Adel Sabri, a local staff editor at Masr al-Arabia, has been detained since April 2018. A court ordered his release in September 2018 but the following day, a prosecutor issued a new warrant for Sabri as part of a mass trial.
Police arrested Sabri on April 4, 2018, during a raid on the Giza office of Masr al-Arabia, during which police detained several of the outlet’s journalists for about five hours, according to Masr al-Arabia, the Arab Network for Human Rights Information local press freedom group, and news reports. Police later ordered staff to leave the building before sealing the doors with red wax, according to Masr al-Arabia, according to the same sources.
A prosecutor charged Sabri with spreading false news and operating a website without a license, according to reports. For the first five months of his detention, authorities repeatedly renewed the journalist’s 15-day pretrial detention period, his outlet reported.

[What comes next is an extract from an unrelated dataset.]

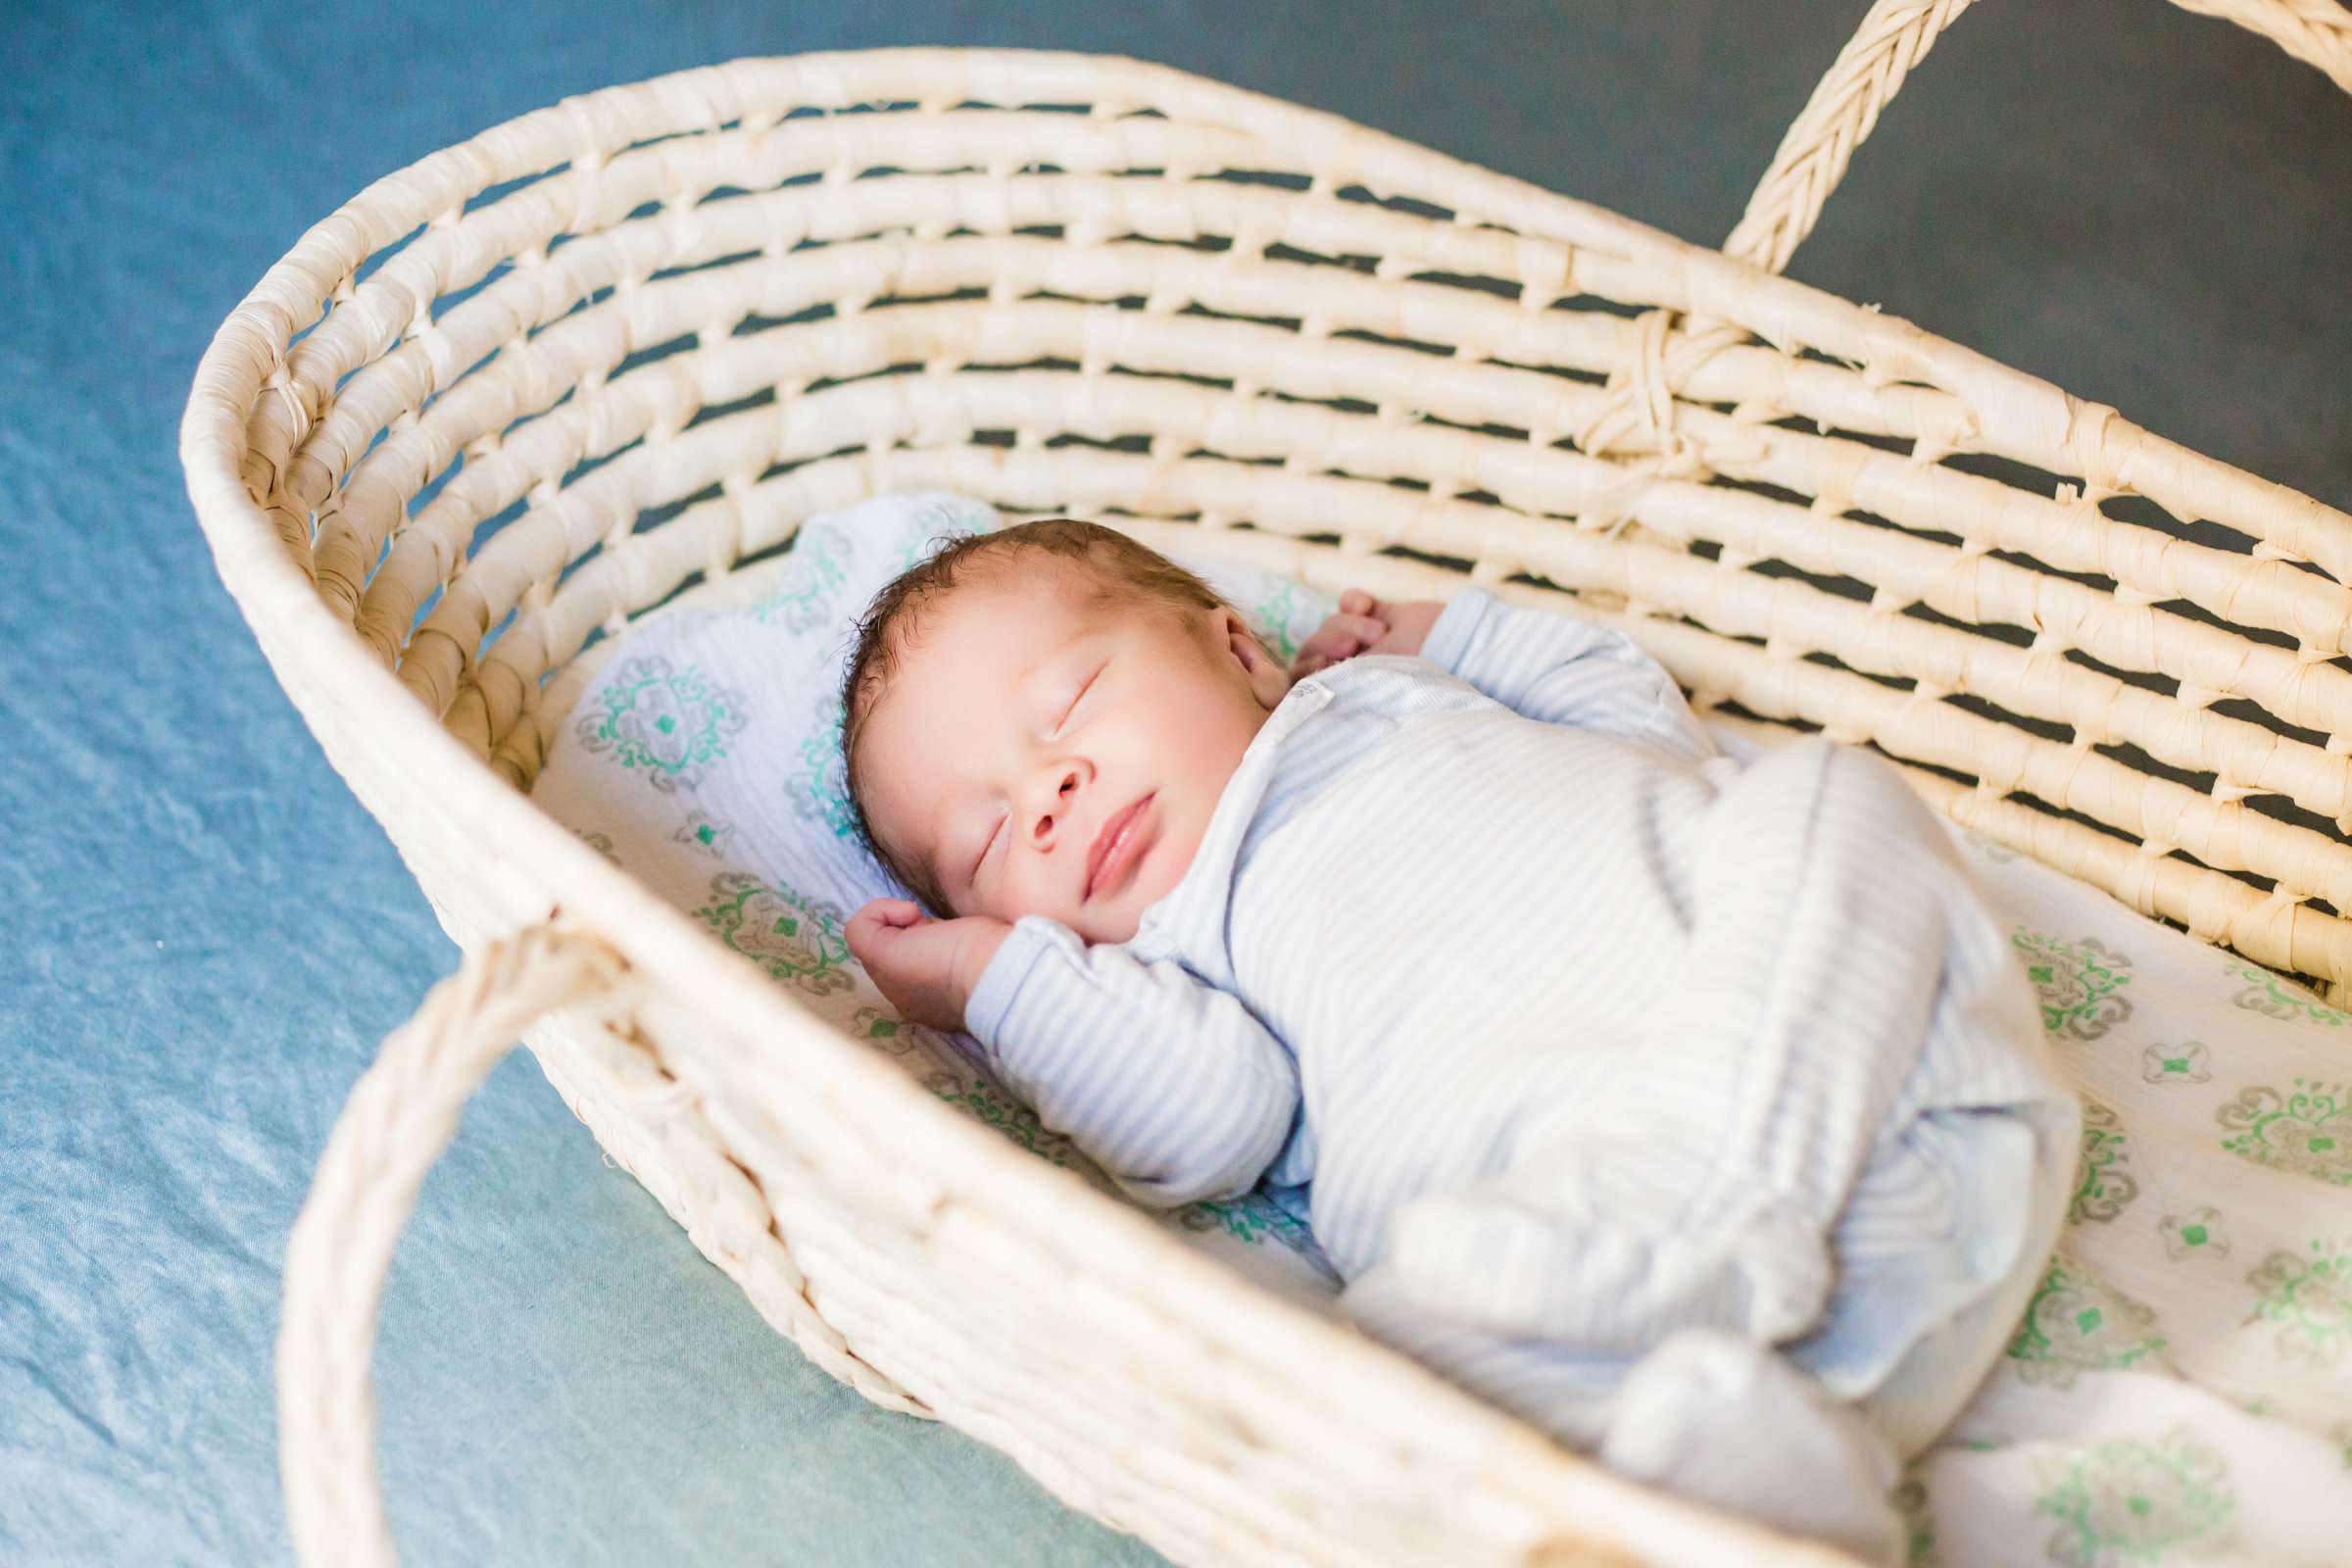 Newborn Photo Session, Kirsten Bruner Newborn Photo #1 by True Photography

Before the raid and arrest, Egypt’s media regulator, the High Council for Media, had ordered the outlet to pay a fine of 50,000 Egyptian pounds (US$2,841) for allegedly violating election regulations, according to news reports.

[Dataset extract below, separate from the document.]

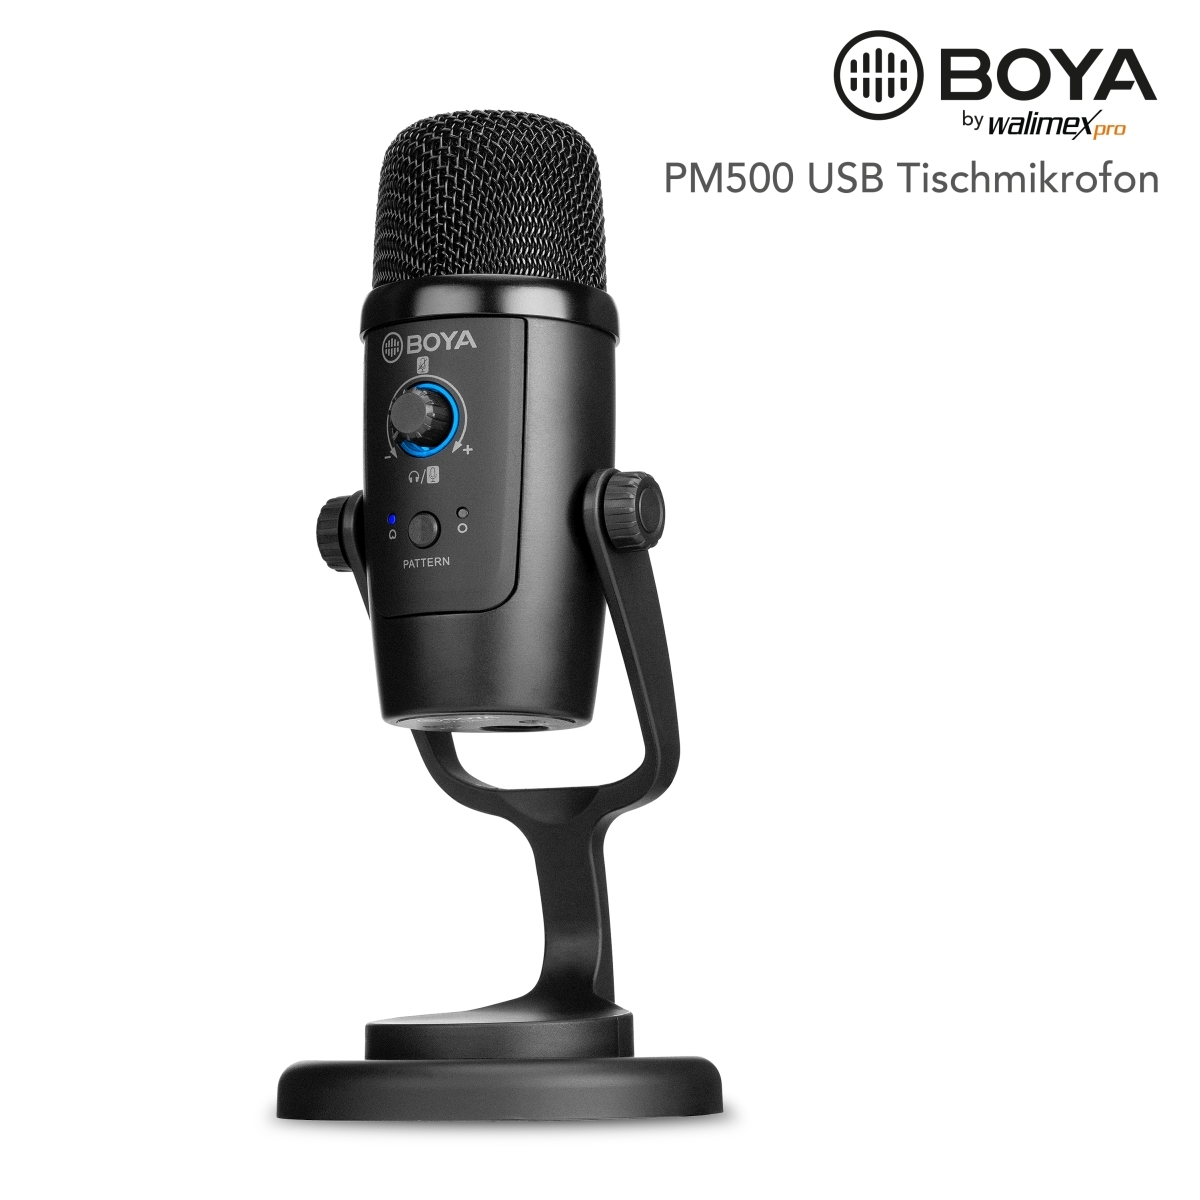 Walimex Pro Boya PM 500 USB Tischmikrofon

The regulator issued the fine on April 1, 2018 after Masr al-Arabia published an Arabic translation of a critical New York Times report alleging election violations. The regulator accused the site of using a foreign paper’s reporting without verifying the facts, according to reports. The website refused to pay the fine, according to the Masr al-Arabia statement.
Egyptian authorities blocked the Masr al-Arabia website in May 2017, the government’ s official Middle East News Agency reported at the time. As of late 2019, the site was still blocked in Egypt, but accessible through virtual private networks (VPNs). The website’s staff work remotely, according to a statement from Masr al-Arabia issued after the raid.
A Giza criminal court on July 9, 2018 ordered Sabri to be released on bail of 10,000 Egyptian pounds (US$560), his employer, citing his lawyer, reported. However, the following day a prosecutor issued a new warrant for Sabri on charges of spreading false news and "membership of a banned group," as part of a mass trial known as 441, according to his outlets and ANHRI.
The mass trial came as Egypt’s crackdown on the press deepened in 2018; authorities ratcheted up their rhetoric against media outlets as President Abdel Fattah el-Sisi ran for and won re-election.
At hearings in 2019, the Cairo criminal court repeatedly extended Sabri’s pretrial detention, including on August 27, 2019, according to the local press freedom group Egyptian Observatory for Journalism and Media. On July 20, the court renewed Sabri’s pretrial detention period without him or his lawyer being present, according to Egyptian Observatory for Journalism and Media, and the local rights group Regional Center for Rights and Liberties.
As of late 2019, the Ministry of Interior, which has oversight of the police and prison system, and the prosecutor general’s office had not answered CPJ’s emails requesting comment.